Ten year-old Patrick Beni was home that fatal Wednesday morning. Like other children of his age, he did not go to school due to the inclement weather, with non-stop rain almost all weekend. His mother was asleep in her bedroom of the rented home on the foothills of the Koa Hill settlement, inhabited by largely Malaitan workers. For her mother, it was a perfect weather to snuggle way under a warm blanket while the kids were left to their own devices.
Being the eldest, Patrick was up to his duties. As he peered out the window he could see the Mataniko River had burst its banks and floodwaters were beginning to rise faster than he had previously witnessed in a series of floodings over the previous 12 months. He went to his mother’s bedroom and raised the alarm “I rushed in to wake Mum who was sleeping in her room and told her we must escape because the floods are coming. But Mum responded the water won’t reach our house. I insisted she get up to see for herself,” young Patrick told a local newspaper.

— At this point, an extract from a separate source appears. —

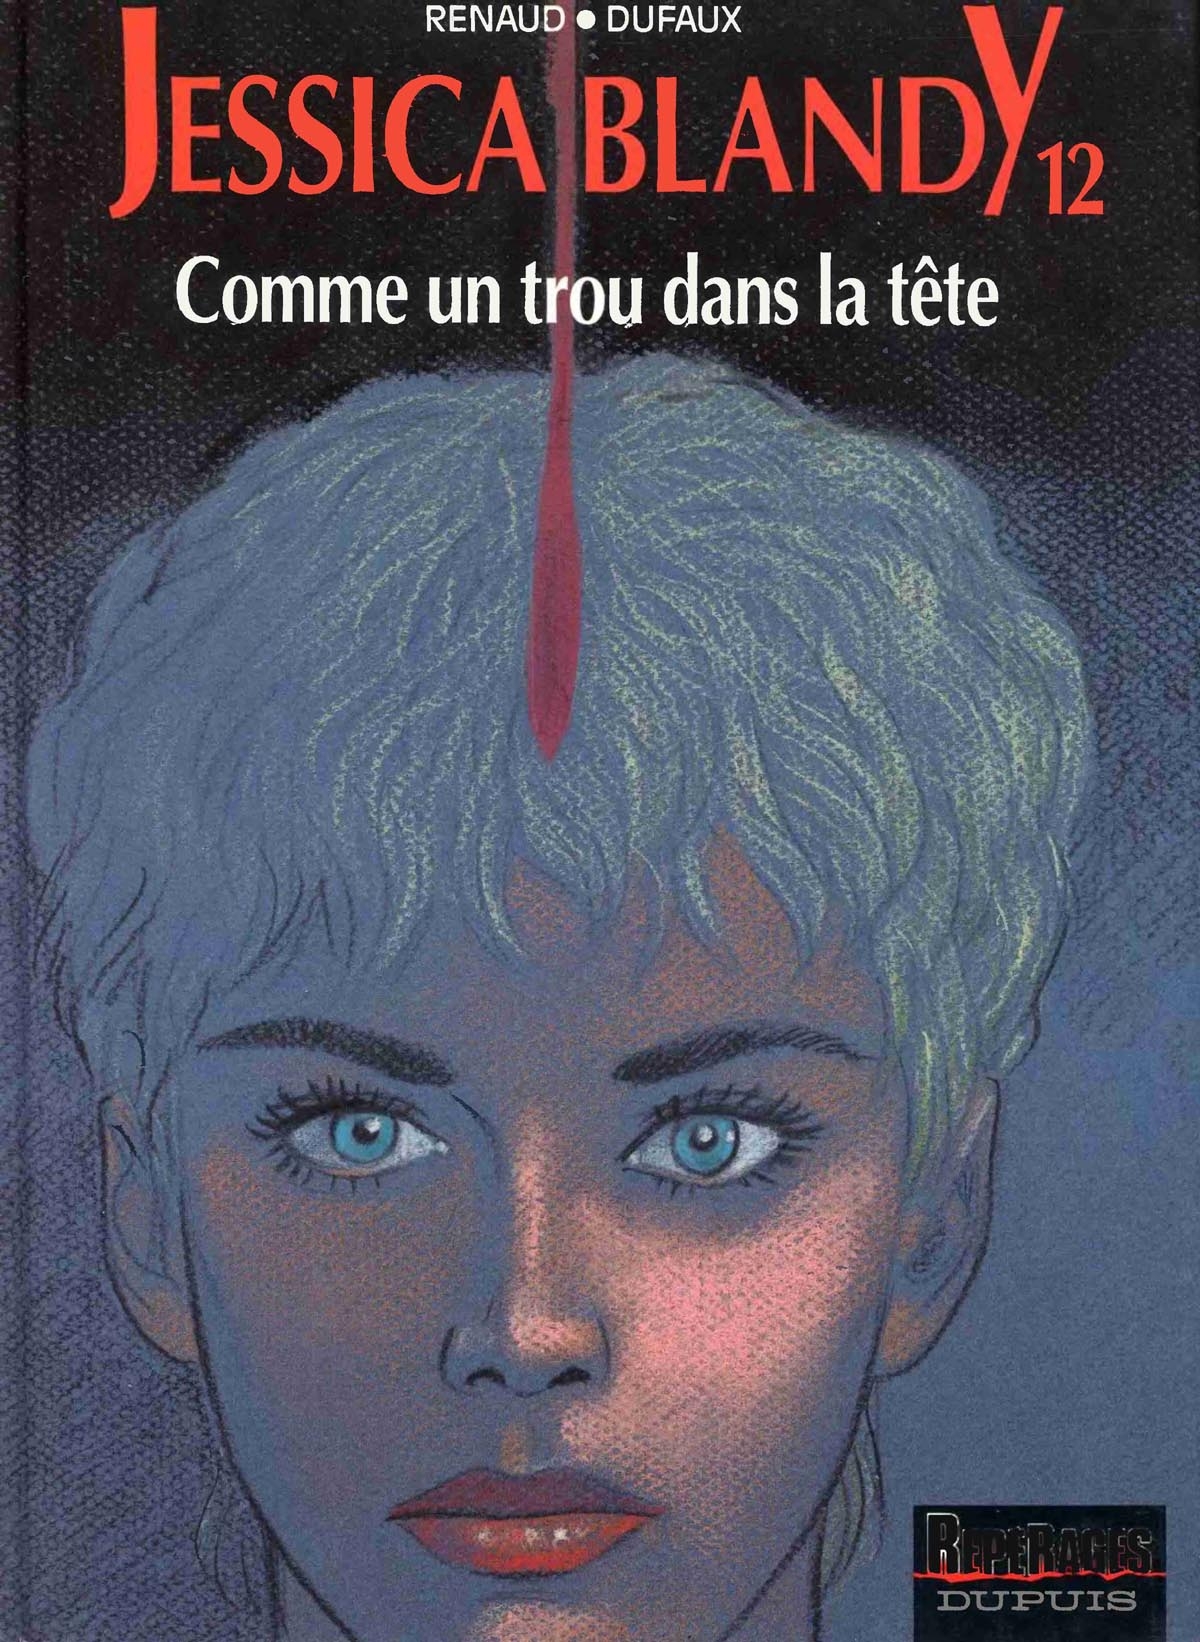 [Renaud, Dufaux] Jessica Blandy - 12 - Comme un trou dans la tête [French] 0

By then it was far too late. Their house was surrounded by fast flowing currents. The first victim was his younger brother named Junior. He was crushed to death by a falling sago palm tree adjacent to the house. His mother grabbed Patrick’s 18-month-old sister Salome and caught hold of one of the sago palm trees as it swept past their house, which quickly followed. Patrick and his other brother, Francis, 7, held on to the second sago palm tree. “When we came to the old Mataniko Bridge, I told my brother Francis to keep close to me as we squeezed our way through the debris blocking the bridge. We managed to get through under the bridge and on the other side,” he said. At that point he had lost sight of his mother and baby Salome.